Tapi melihat penampilan keras kepala Tang San, dia khawatir.
Dugu Bo murung dan sulit diatur, dan cenderung mengambil tindakan tanpa ragu-ragu.
Dugu Bo hanya melepaskan jejak momentum saat ini, dan dia sedikit terkejut melihat bahwa Tang San benar-benar bisa melawan.
Tepat ketika dia ingin meningkatkan auranya dan menekan Tang San ke bawah, tubuh Tang San tiba-tiba meledak menjadi gelombang kekuatan roh yang hebat.
Tuan dan Flender tertegun sejenak, dan kemudian wajah mereka menunjukkan ekstasi.
Tiga kecil menerobos!
Mereka sangat gembira.
Setelah terobosan Tang San, tiba-tiba ada napas terengah-engah dari sekitarnya.
"Tang San ini benar-benar menembus peringkat dengan bantuan penekanan momentum Titled Douluo, benar-benar jenius!"

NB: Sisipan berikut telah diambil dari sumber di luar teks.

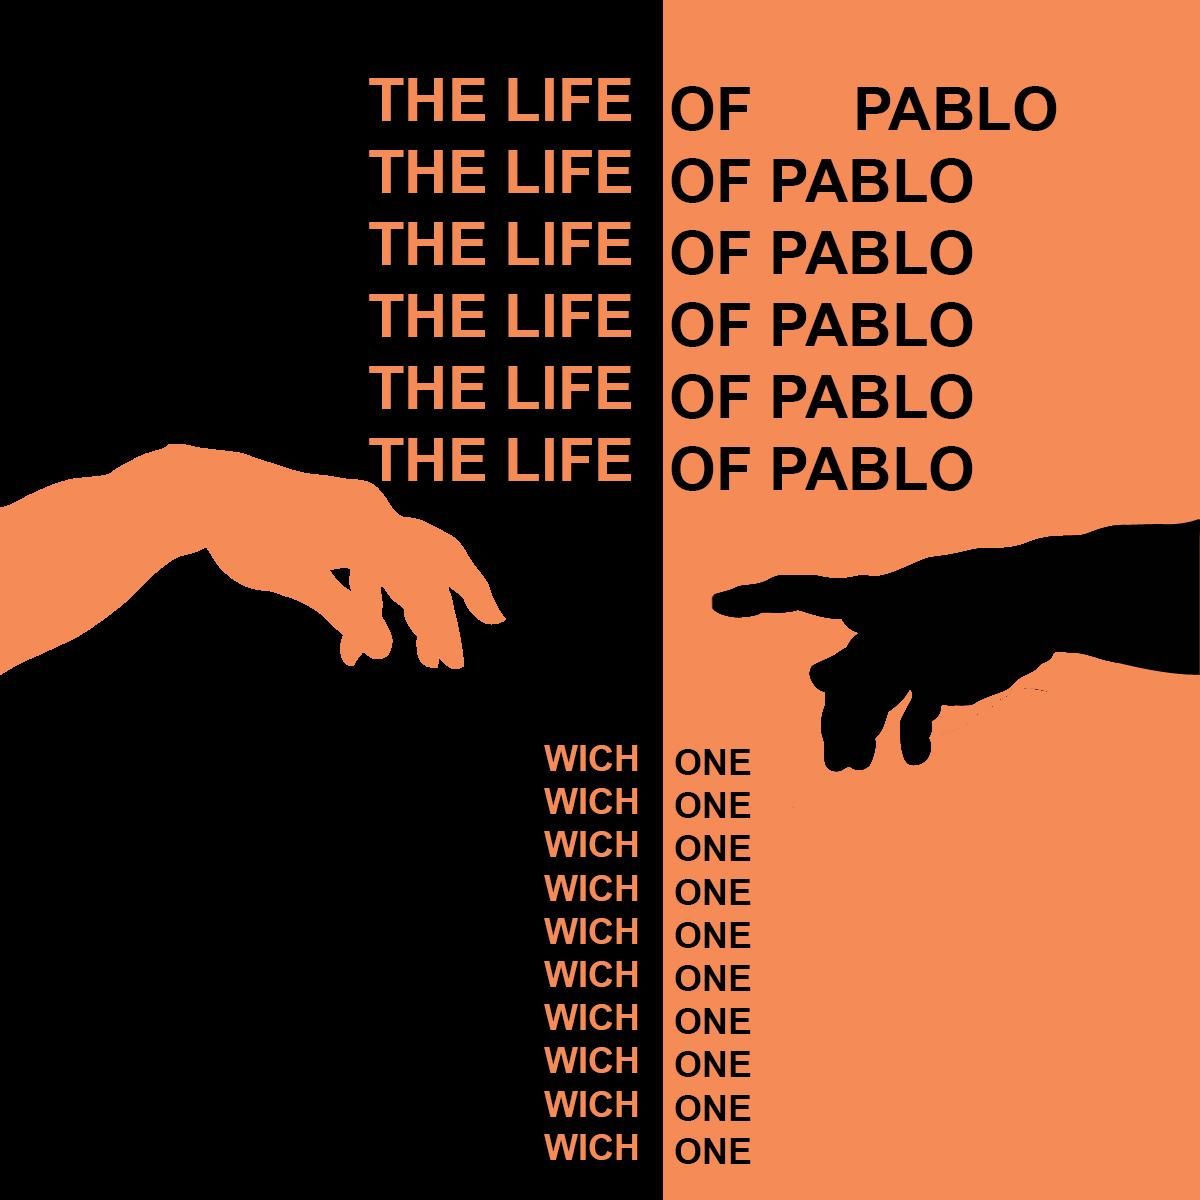 Et c’est déjà ce que nous suggère la cover de l’album avec la phrase répétitive affiché comme un bug informatique, « Which / One », lequel des Pablo sera le personnage que Kanye West essaye de nous faire croire qu’il est.

Pada saat ini, mendengar seruan dan kekaguman di sekitarnya, sang master sangat bangga.
Ini adalah muridnya Tang San, bakatnya tak tertandingi, dan dia memenangkan banyak kemuliaan untuknya di depan semua orang.
Dugu Bo tertegun sejenak, lalu niat membunuh tiba-tiba muncul, dan aura pembunuh yang menakutkan keluar.
Grandmaster tampak terkejut, dan buru-buru menarik Tang San di belakangnya, menghalangi Tang San dengan tubuhnya yang lemah.
Flender, Liu Erlong, dan Zao Wou-Ki juga melangkah maju dan menghadap Dugu Bo.
__ADS_1
Mereka tidak akan pernah membiarkan Dugu Bo menyakiti Tang San!